Fotografie van een promielocito (Bron: Bobjgalindo [CC BY-SA 4.0 (https: // creativeCommons.Org/licenties/by-sa/4.0)] via Wikimedia Commons)

Onder de celcomponenten zijn erytrocyten of rode bloedcellen, witte leukocyten of bloedcellen, megakaiocyten, bloedplaatjes en mestcellen, die gedurende de hele levens van een organisme worden geproduceerd door een proces dat bekend staat als "hemopoyese".

Tijdens hemopoëse wordt een groep pluripotentiële stamcellen die zich in het beenmerg bevinden, vermenigvuldigd en geeft de voorlopercellen van twee lijnen bekend als de myeloïde lijn (kolonie vormende eenheid van de milt cfu-s) en de lymfoïde lijn (Unity CFU (Unity CFU (Unity CFU (Unity CFU (Unity CFU (Unity CFU (Unity CFU (Unity CFU (Unity CFU (Unity CFU (Unity CFU -Ly lymfocytenkolonie).

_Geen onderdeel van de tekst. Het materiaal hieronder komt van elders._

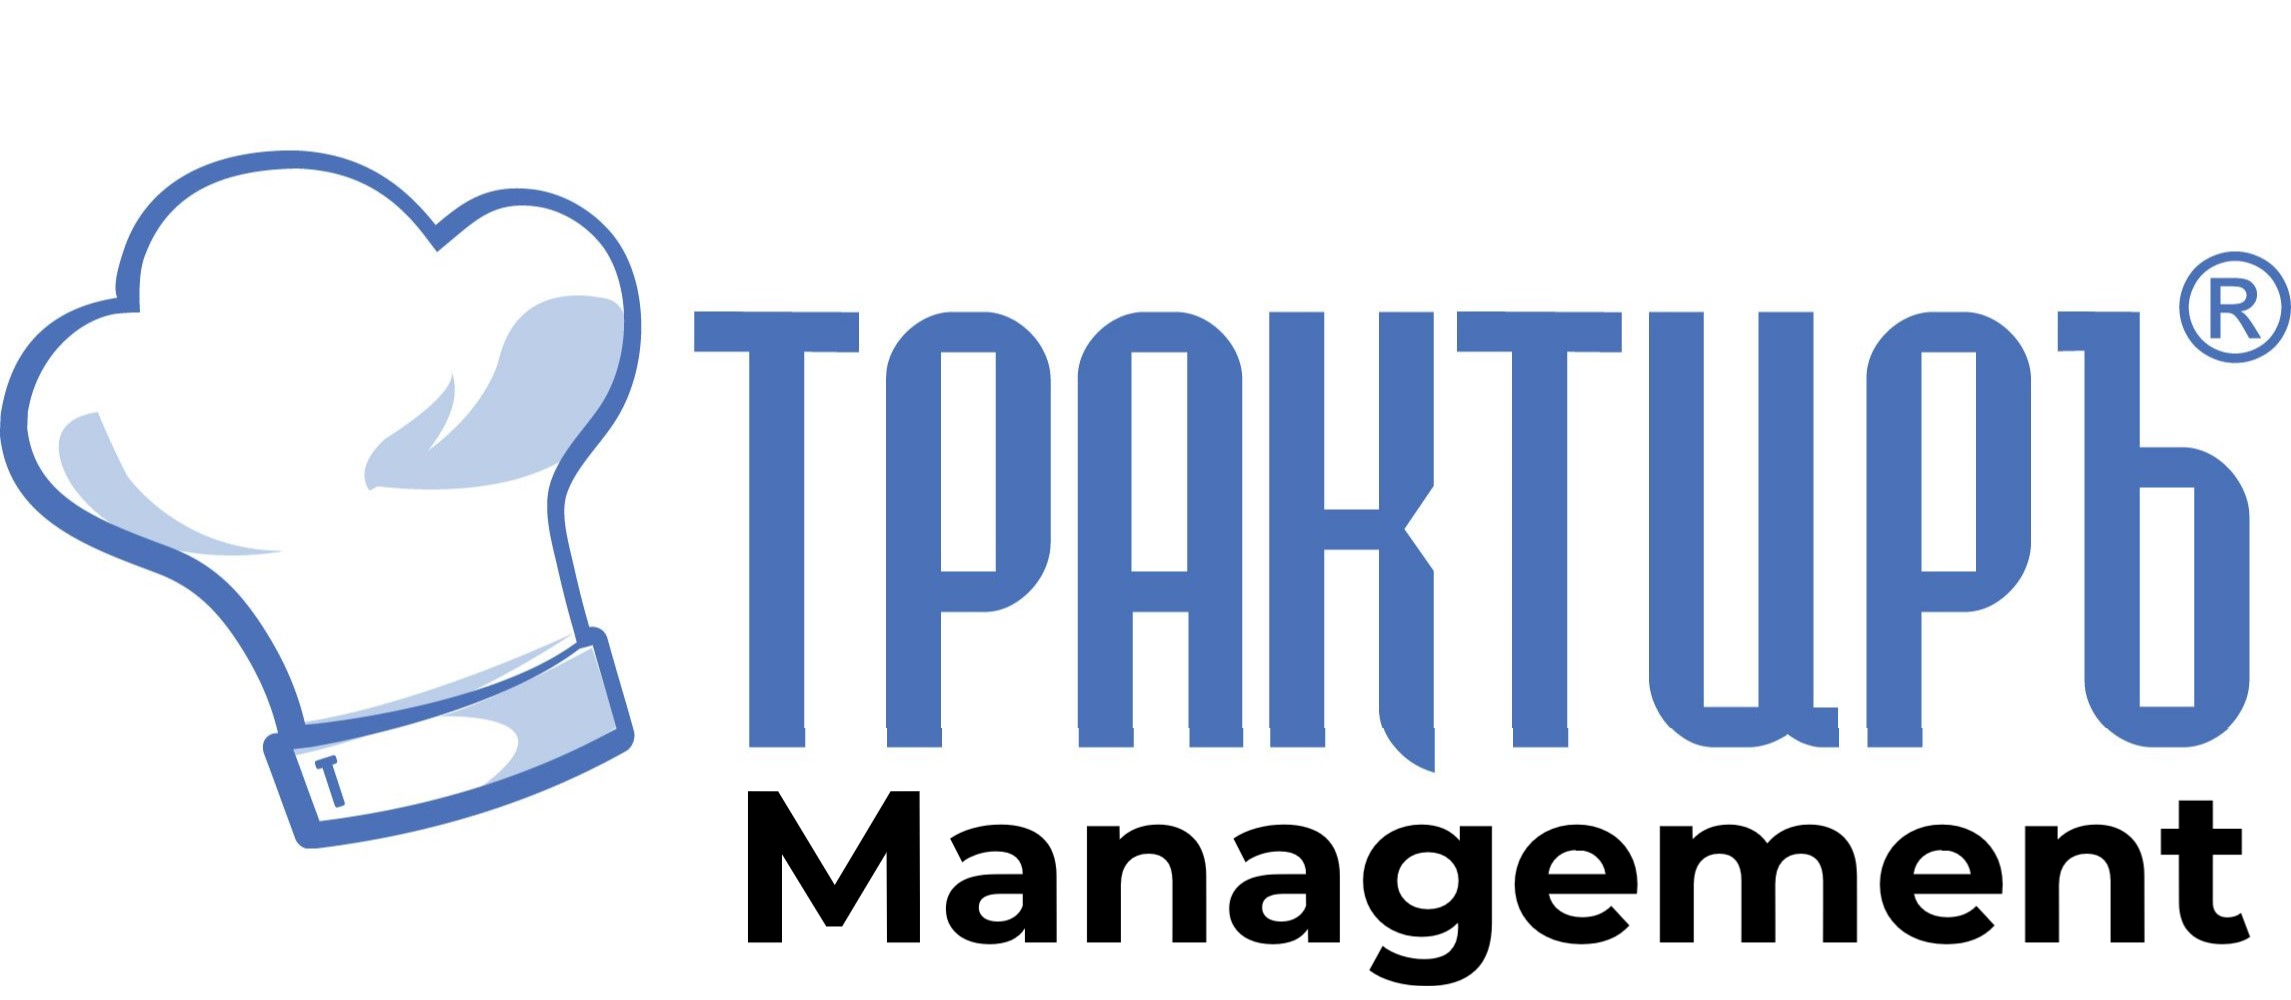 Трактиръ: Management в Таганроге

De myeloïde afkomst is twee groepen unipotentiële voorlopercellen afkomstig (die zich vermenigvuldigen om aanleiding te geven tot een enkele cellijn). Men geeft aanleiding tot granulocyten/macrofagen, en een andere aan megakaryocyten/erytrocyten.

De groep granulocyt/macrofaag voorlopercellen wordt op zijn beurt verdeeld om vier cellijnen te vormen die overeenkomen met eosinofielen, basofiel, neutrofielen en monocyten. Promielocito is de denominatie dat de voorlopercellen van de eerste drie soorten cellen ontvangen.

[TOC]

Granulocyten vorming

De granulocyten leiden elk af van een groep specifieke unipotentiële voorlopercellen, met uitzondering van neutrofielen, die afkomstig zijn van bipotentiële cellen (die in staat zijn om twee afzonderlijke cellijnen te ontstaan).

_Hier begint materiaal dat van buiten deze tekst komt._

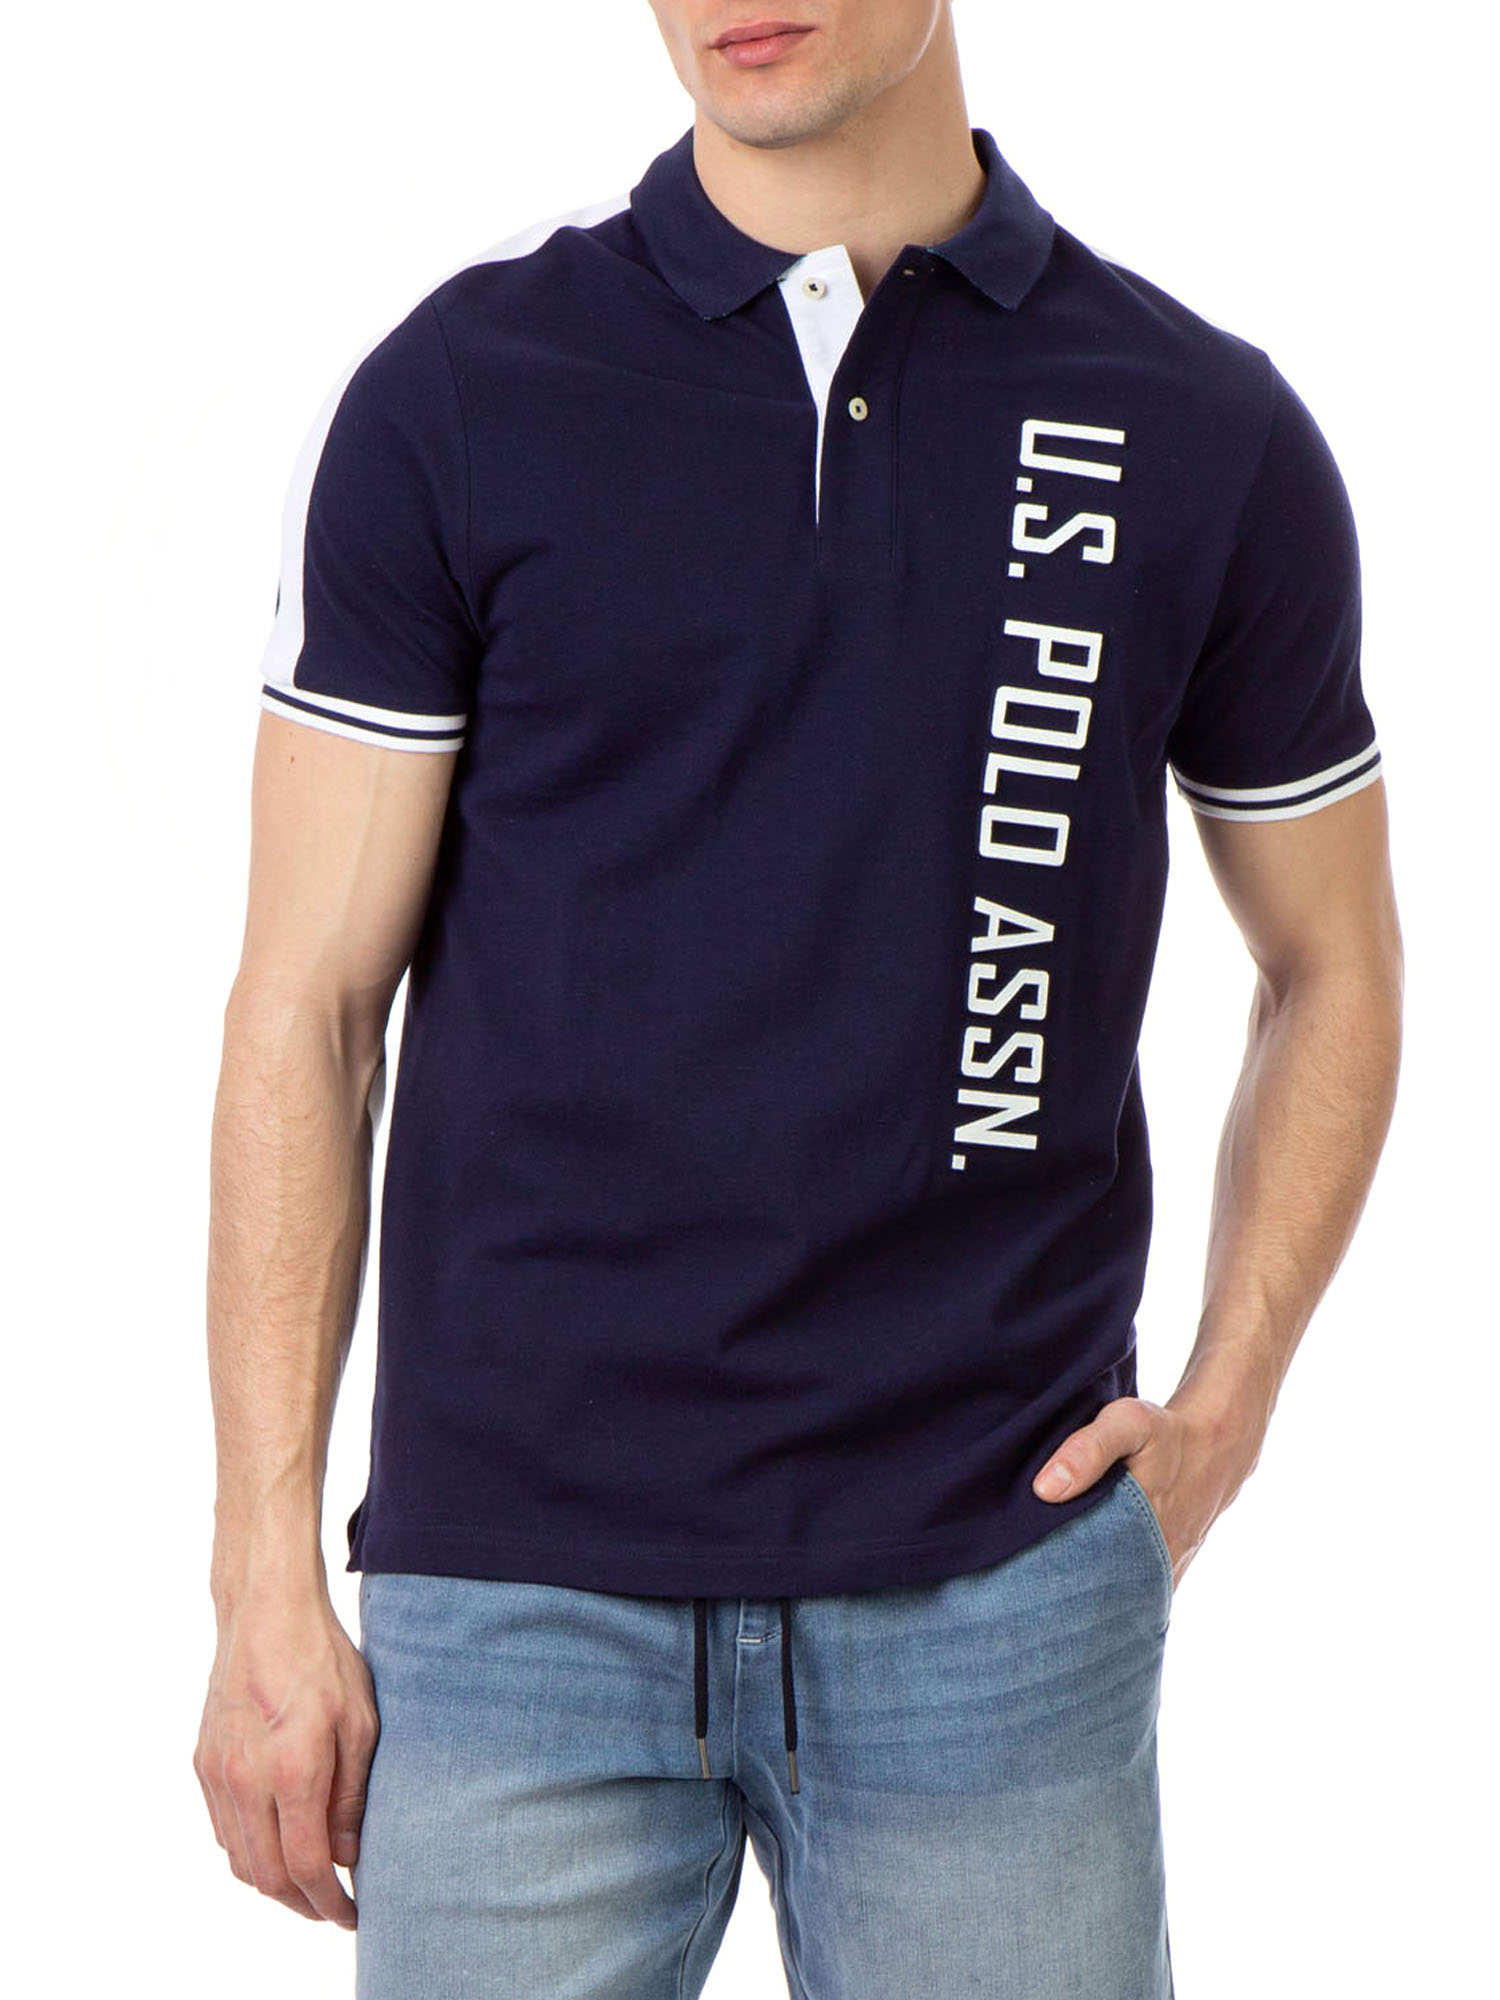 U.S. Polo Assn. Men's Embossed Logo Pique Polo Shirt - image 1 of 6

Deze voorlopercellen dalen af ​​van een pluripotentiële stamcel, de eerste link in myeloïde lijn en staat bekend als de kolonie van de miltkolonie of CFU-s. Eosinofielen en basofielen zijn afkomstig van respectievelijk voorlopers die bekend staan ​​als CFU-EO en CFU-BA.

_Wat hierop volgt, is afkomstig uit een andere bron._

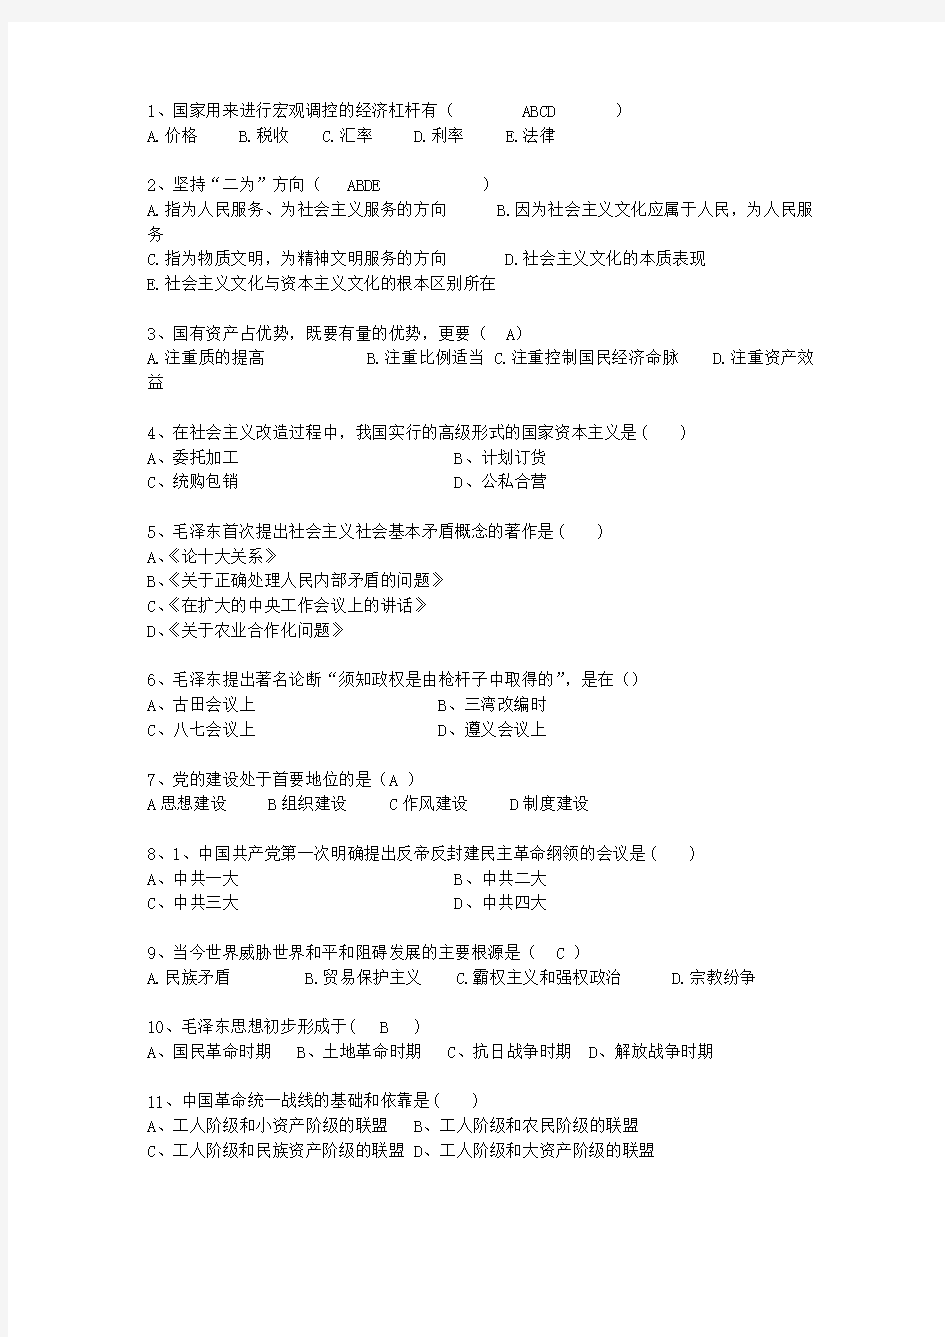 2013云南省毛概复习提纲答案整理版考试技巧、答题原则

Neutrofielen komen, zoals vermeld, van een bipotentiële cellijn, bekend als CFU-GM (granulocito/monocito), die vervolgens wordt verdeeld in de CFU-G-cellijn (van neutrofielen) en de CFU-M-lijn (van de monocyten).

Kan u van dienst zijn: GERM -cellen: kenmerken, vorming, typen, migratie

Zowel CFU-G voorlopercellen als CFU-EO en CFU-BA zijn verdeeld en zijn afkomstig van de eerste voorlopercel die bekend staat als Myeloblast. Myeloblasten zijn identiek aan elkaar, ongeacht de cellijn waaruit ze komen.

Promielocyten komen voort uit de mitotische verdeling van myeloblasten uit de drie cellijnen, dat wil zeggen, zowel van de ouders van eosinofielen als basofielen en neutrofielen. Deze zijn opnieuw verdeeld en vormen myelocyten.

Honingocyten worden gedeeld door mitose en vormen metamielocyten, die geleidelijk verschillen om de volwassen cellen van elke cellijn te vormen.

Het hele proces wordt gemoduleerd door verschillende moleculaire elementen en groeifactoren, die die zijn die de voortgang van de ene fase naar de volgende dicteren en die fundamenteel zijn tijdens de rijping en celdifferentiatie.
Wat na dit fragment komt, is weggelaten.